● Task to carry out:
Apart from the pictures, which must be omitted, restate the data exactly.

[Records from a dataset]
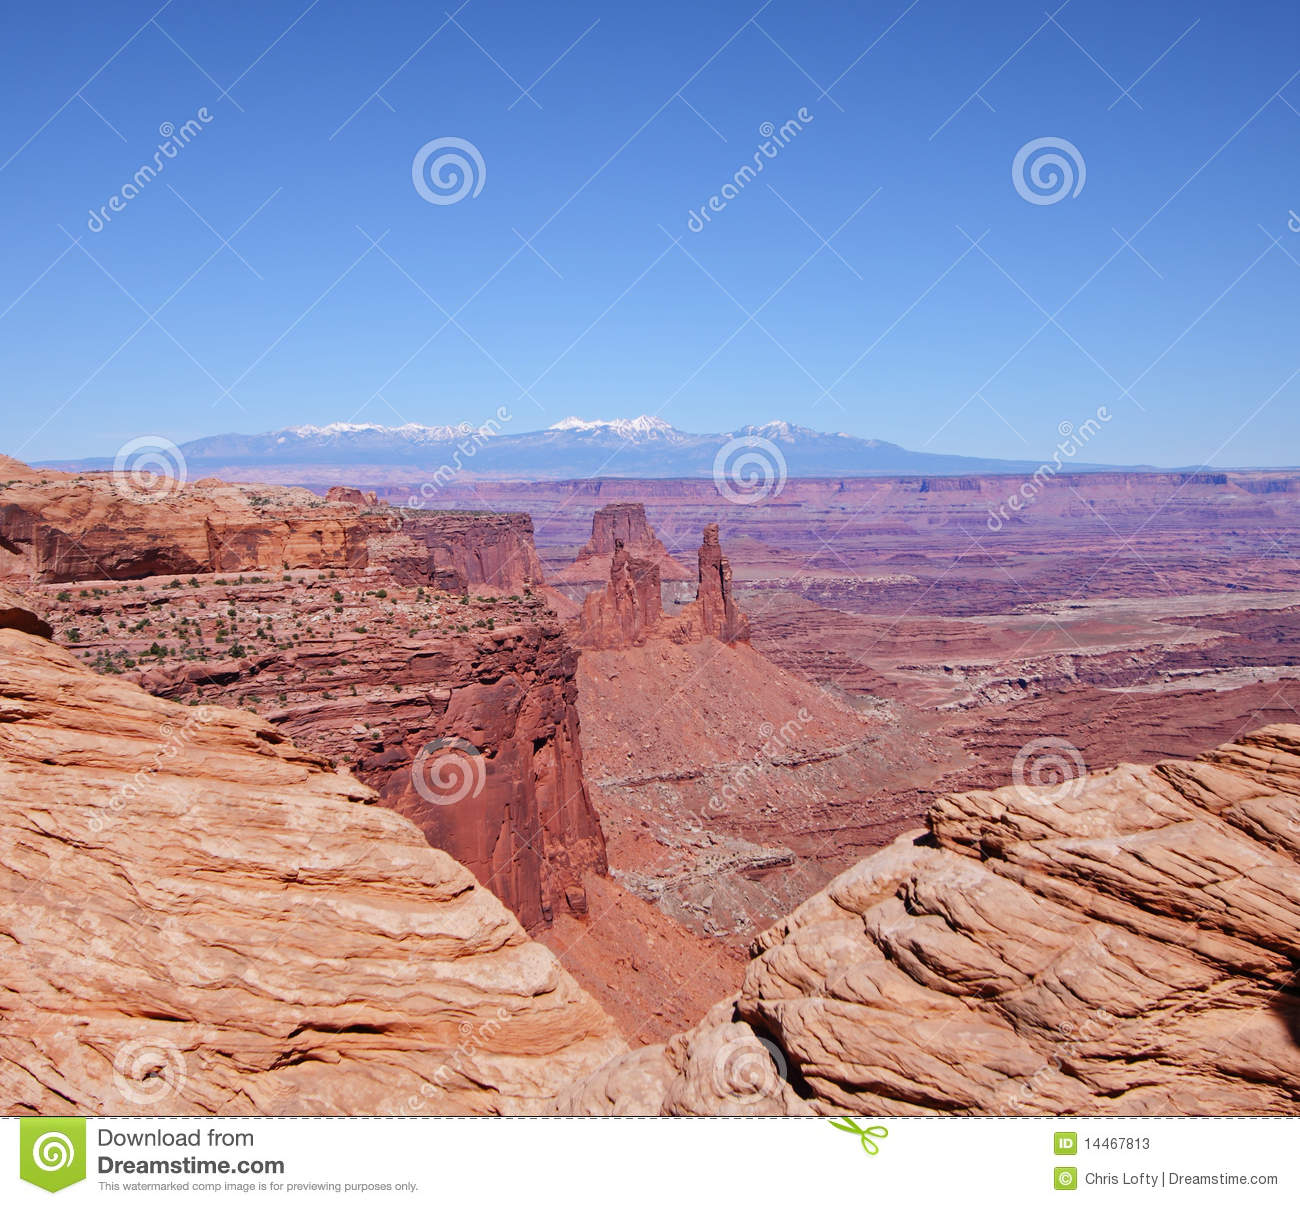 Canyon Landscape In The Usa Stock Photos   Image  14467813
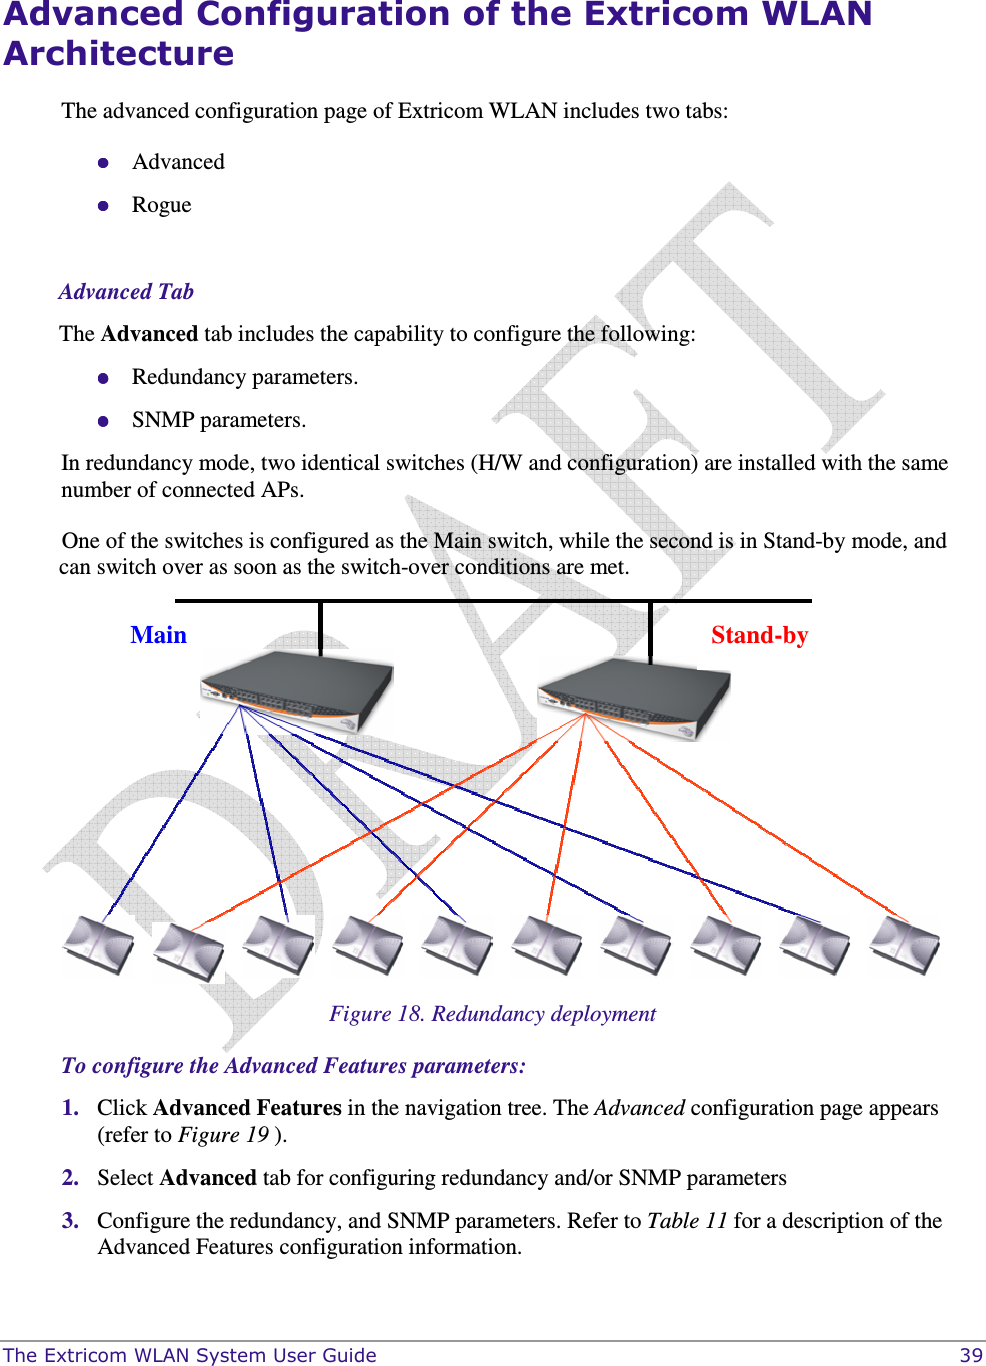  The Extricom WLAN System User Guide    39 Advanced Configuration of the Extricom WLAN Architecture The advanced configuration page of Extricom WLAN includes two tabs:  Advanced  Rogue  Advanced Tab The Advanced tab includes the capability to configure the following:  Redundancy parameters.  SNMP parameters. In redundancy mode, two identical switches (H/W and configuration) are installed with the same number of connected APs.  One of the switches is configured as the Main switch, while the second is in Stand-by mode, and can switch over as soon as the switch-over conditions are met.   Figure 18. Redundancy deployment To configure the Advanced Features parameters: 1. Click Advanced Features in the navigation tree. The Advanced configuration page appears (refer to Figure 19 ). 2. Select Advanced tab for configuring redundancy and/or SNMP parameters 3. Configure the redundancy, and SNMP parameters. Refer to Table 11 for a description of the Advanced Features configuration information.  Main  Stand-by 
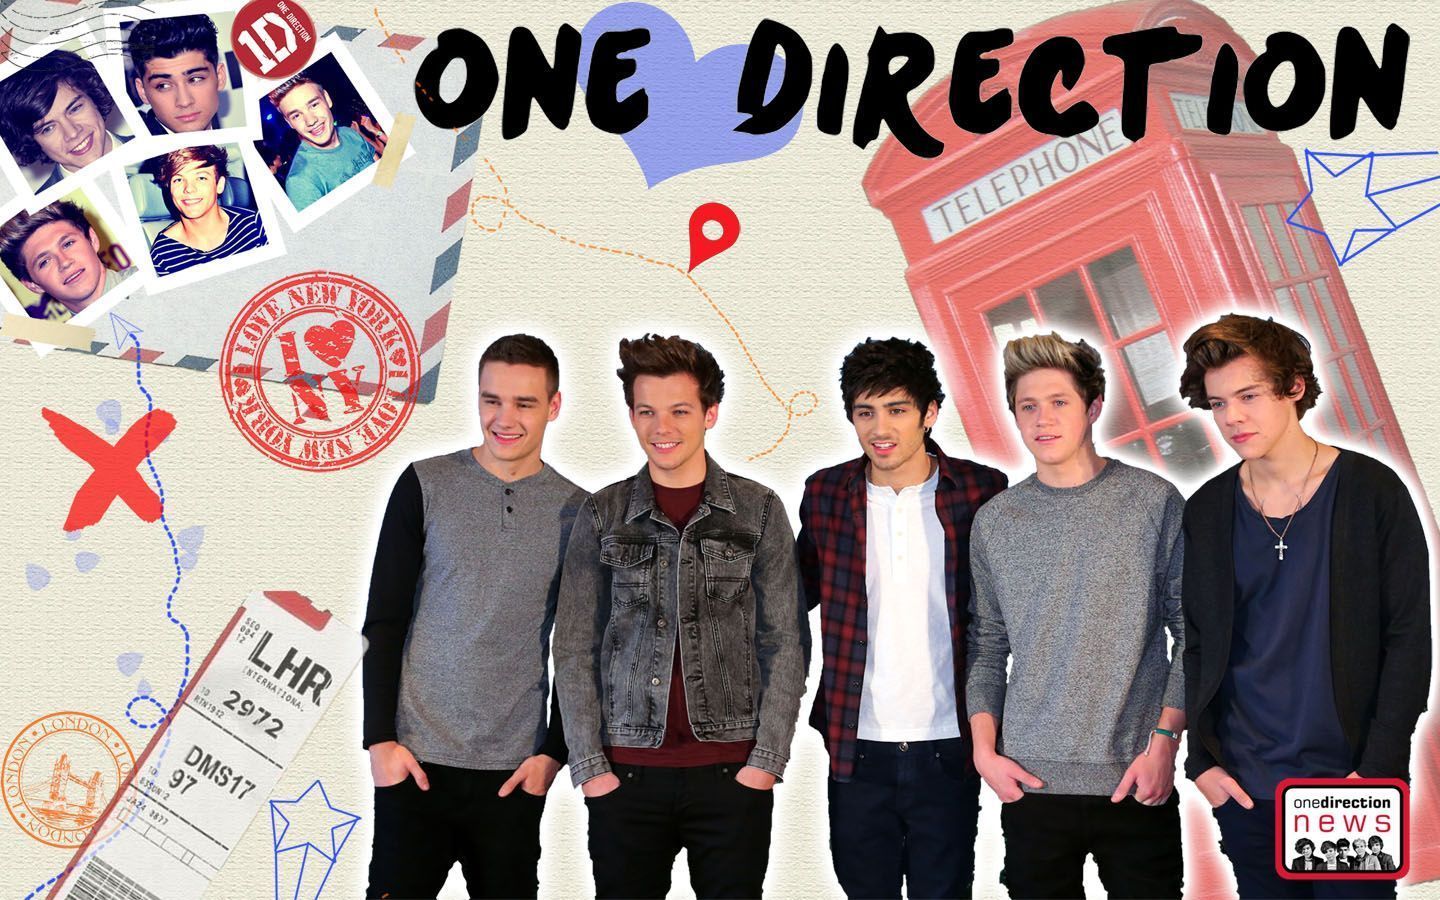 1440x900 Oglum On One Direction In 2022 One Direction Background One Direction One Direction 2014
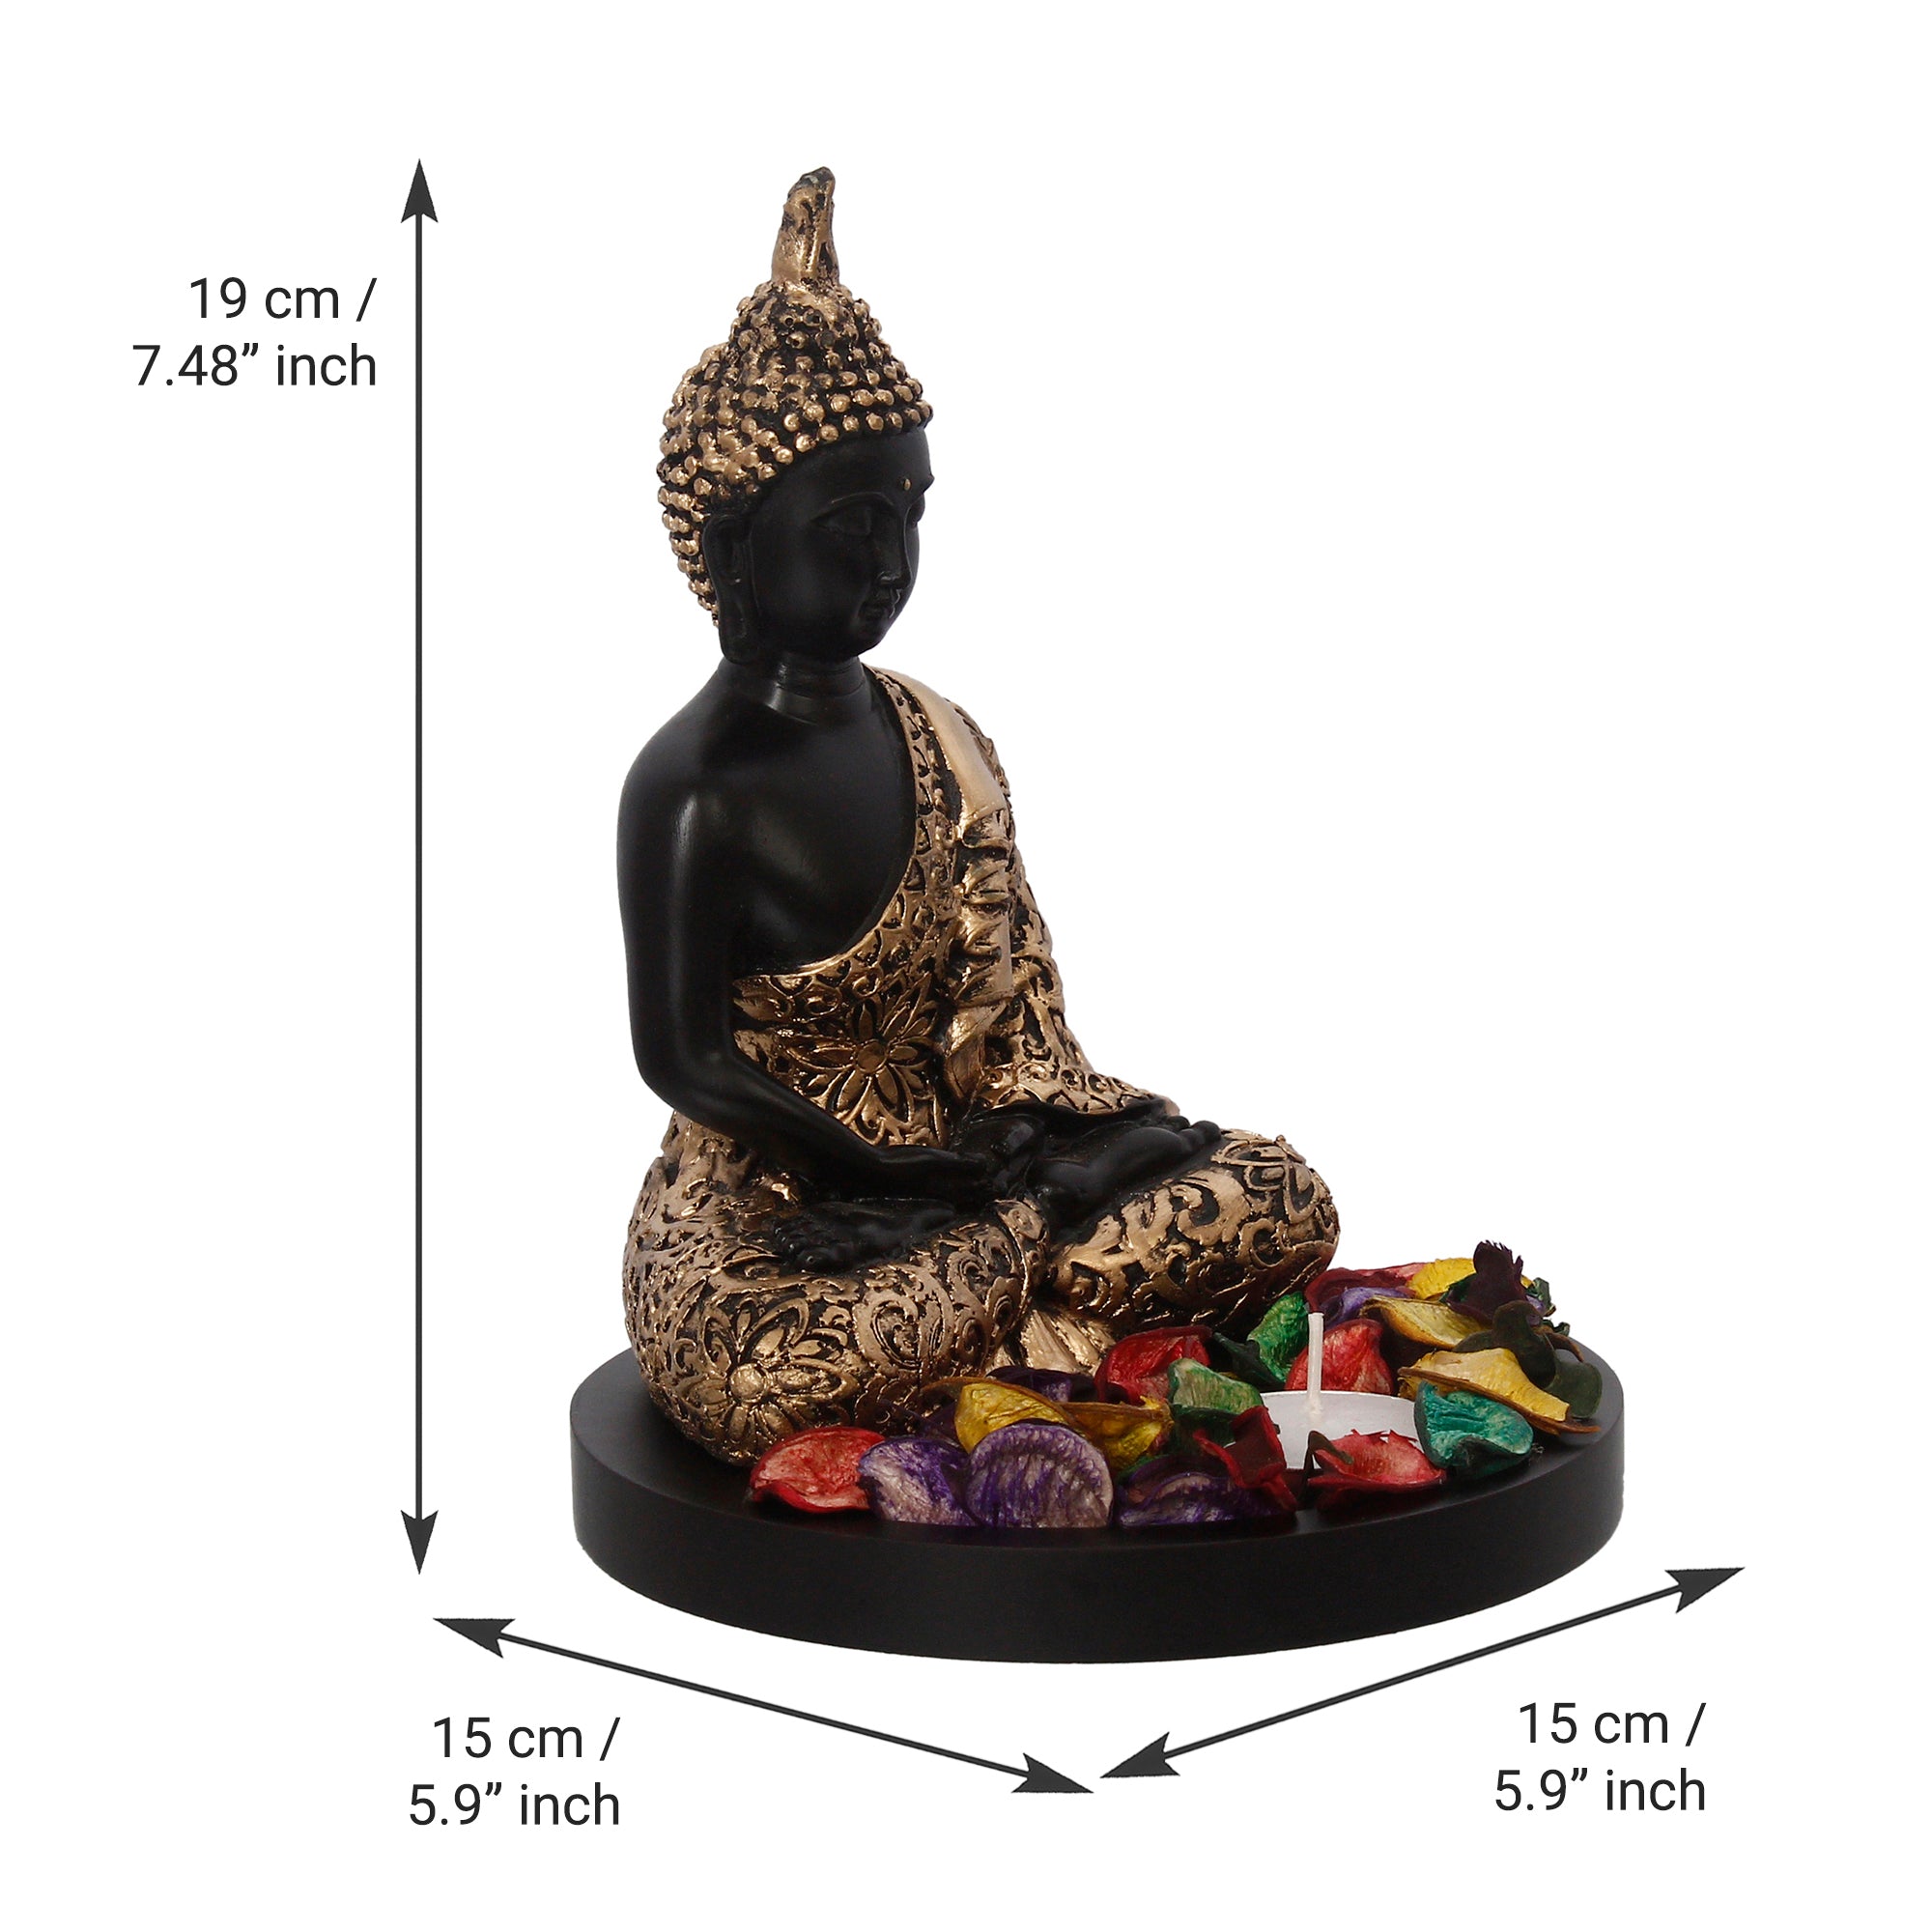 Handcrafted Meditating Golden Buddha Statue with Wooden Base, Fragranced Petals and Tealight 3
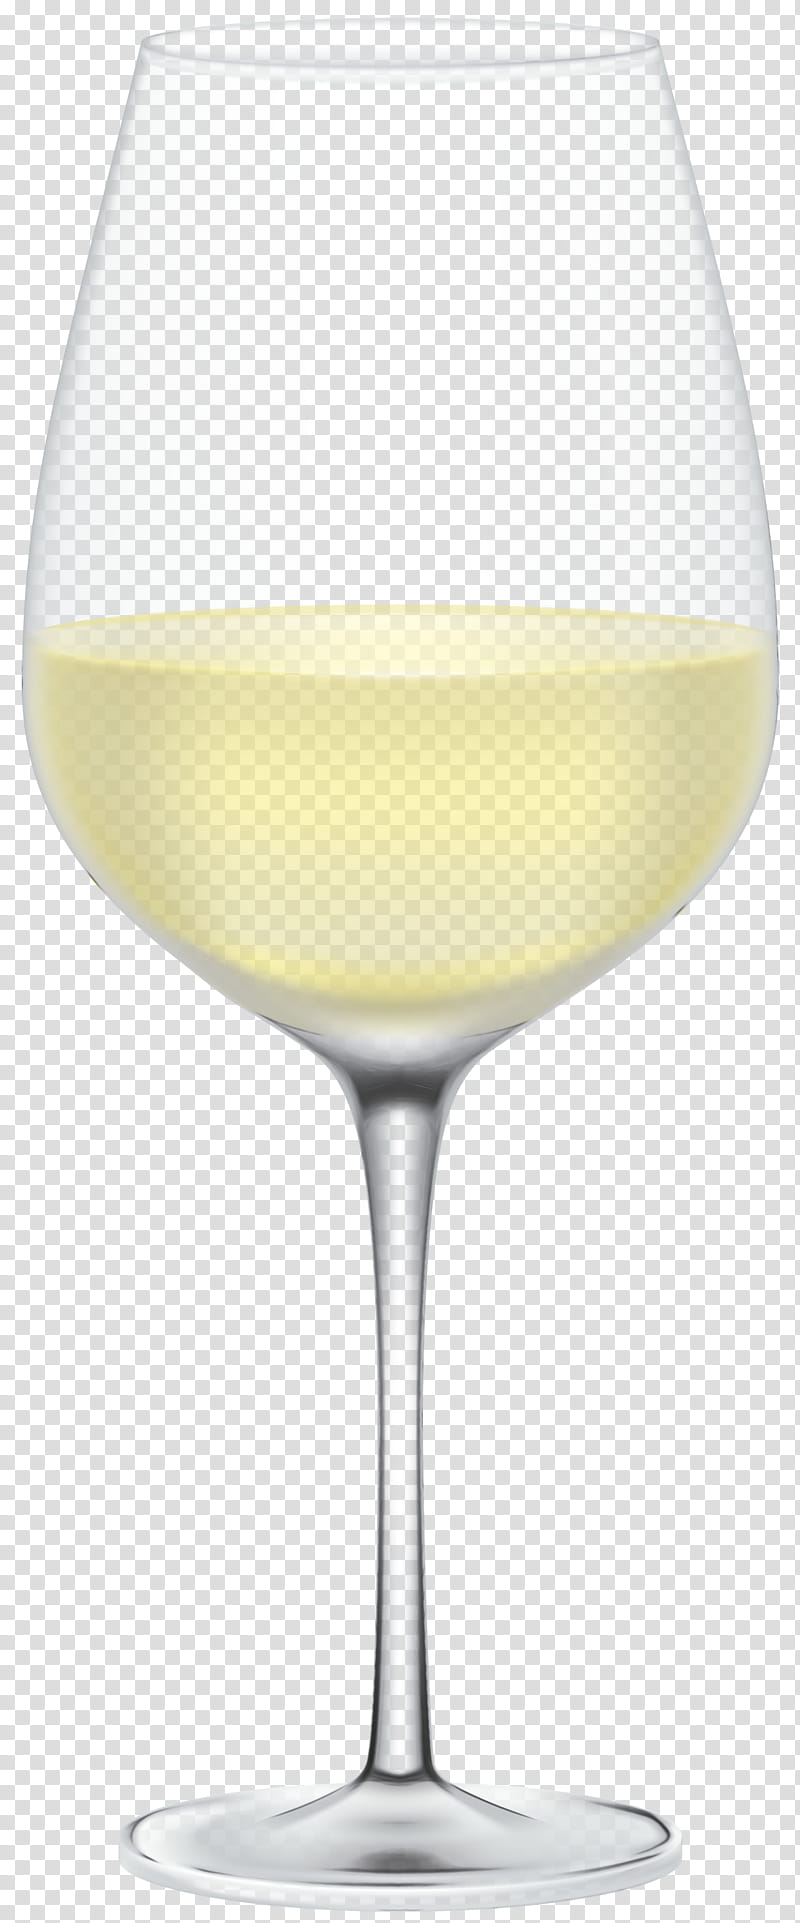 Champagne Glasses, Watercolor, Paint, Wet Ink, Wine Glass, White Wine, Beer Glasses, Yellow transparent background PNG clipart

● Expected output:
 Canyon Landscape In The Usa Stock Photos   Image  14467813
  The Extricom WLAN System User Guide    39 Advanced Configuration of the Extricom WLAN Architecture The advanced configuration page of Extricom WLAN includes two tabs:  Advanced  Rogue  Advanced Tab The Advanced tab includes the capability to configure the following:  Redundancy parameters.  SNMP parameters. In redundancy mode, two identical switches (H/W and configuration) are installed with the same number of connected APs.  One of the switches is configured as the Main switch, while the second is in Stand-by mode, and can switch over as soon as the switch-over conditions are met.   Figure 18. Redundancy deployment To configure the Advanced Features parameters: 1. Click Advanced Features in the navigation tree. The Advanced configuration page appears (refer to Figure 19 ). 2. Select Advanced tab for configuring redundancy and/or SNMP parameters 3. Configure the redundancy, and SNMP parameters. Refer to Table 11 for a description of the Advanced Features configuration information.  Main  Stand-by 
 1440x900 Oglum On One Direction In 2022 One Direction Background One Direction One Direction 2014
 Handcrafted Meditating Golden Buddha Statue with Wooden Base, Fragranced Petals and Tealight 3
 Champagne Glasses, Watercolor, Paint, Wet Ink, Wine Glass, White Wine, Beer Glasses, Yellow transparent background PNG clipart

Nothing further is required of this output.